Reputation: 5482
I recently made confirmation rule following rails guides like so:
validates :email, email: true, uniqueness: true, confirmation: true
validates :email_confirmation, presence: true
Everything works cool, but when i'm trying to update an existing record, i'm receiving an error:
irb(main):004:0> User.first.update_attributes!(name: "Some Nameee")
User Load (2.9ms) SELECT "users".* FROM "users" ORDER BY "users"."id" ASC LIMIT ? [["LIMIT", 1]]
(0.4ms) begin transaction
User Exists (0.8ms) SELECT 1 AS one FROM "users" WHERE "users"."email" = ? AND ("users"."id" != ?) LIMIT ? [["email", "[email protected]"], ["id", 1], ["LIMIT", 1]]
(0.3ms) rollback transaction
ActiveRecord::RecordInvalid: Validation failed: Email confirmation can't be blank
from (irb):4
And it's pretty obvious, because i have presence: true
on :email_confirmation
field. If i'll remove it, you can skip that fild and just don't pass it.

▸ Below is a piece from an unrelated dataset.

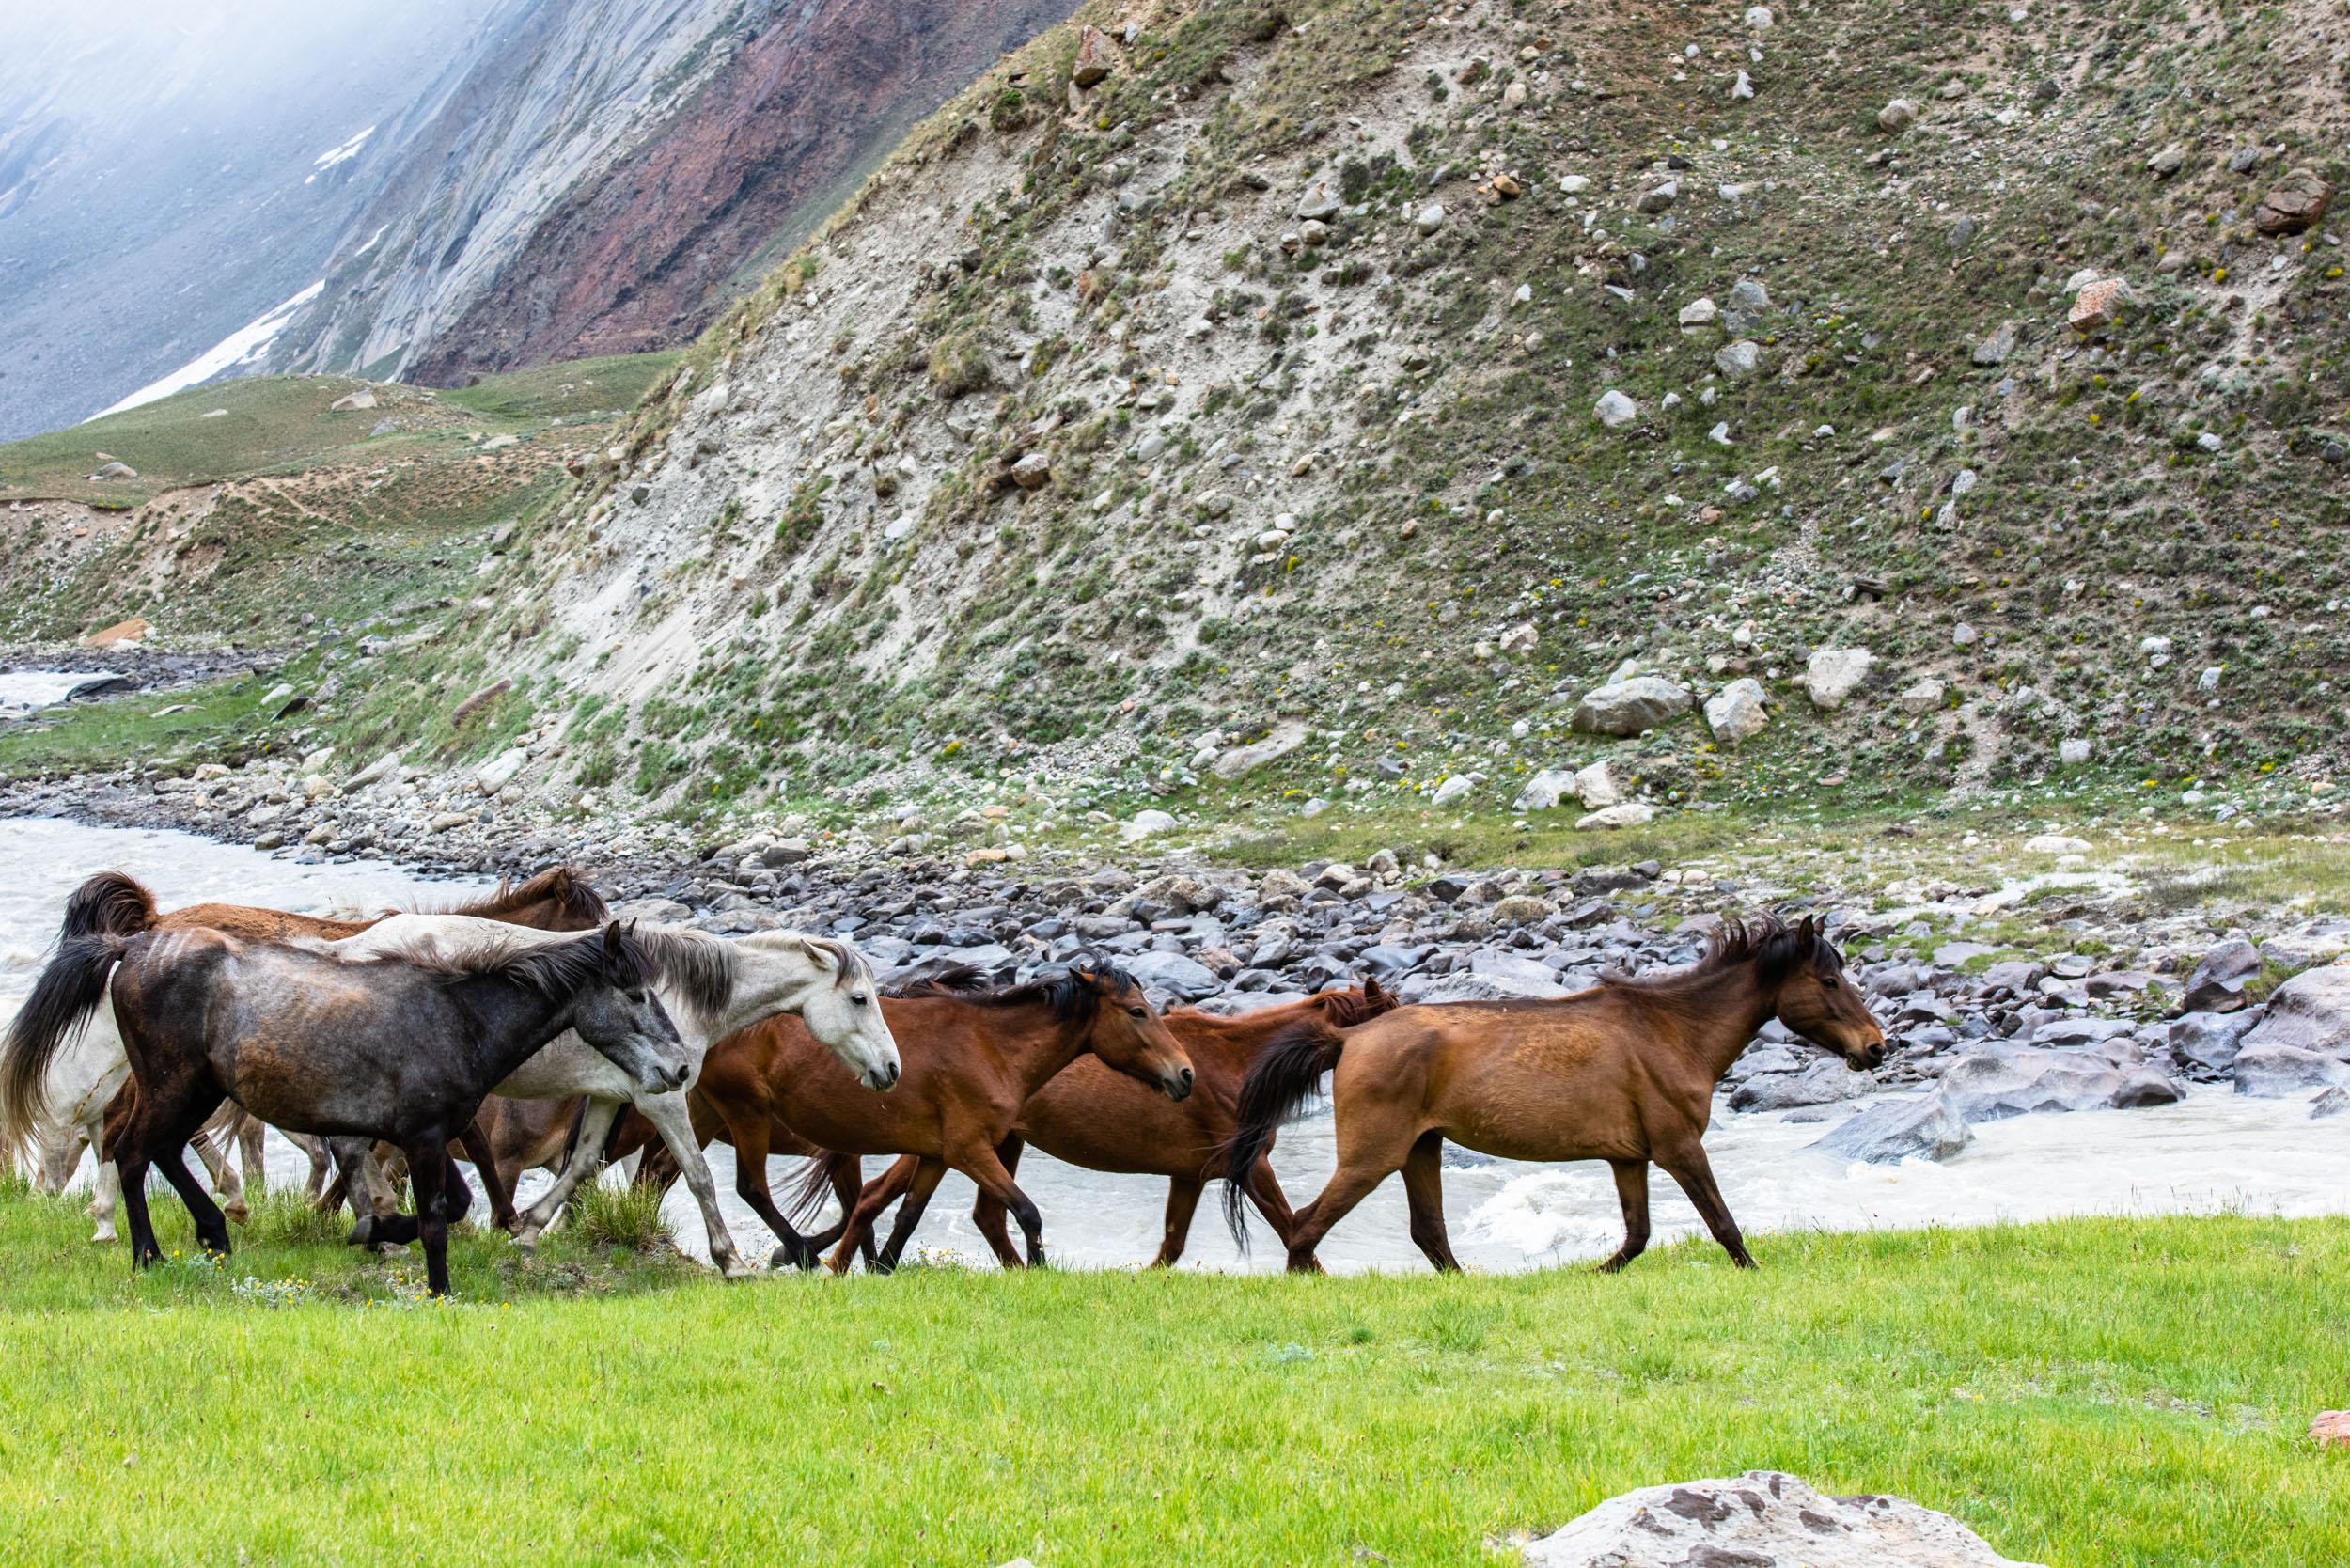 Wild Horses in Suru Valley

So, what should i do? Just remove :presence
validation?
Upvotes: 1
Views: 114
Reputation: 1492
Why not a conditional validation that checks if email has changed? http://guides.rubyonrails.org/active_record_validations.html#using-a-symbol-with-if-and-unless
validates :email_confirmation, presence: true, if: :email_changed?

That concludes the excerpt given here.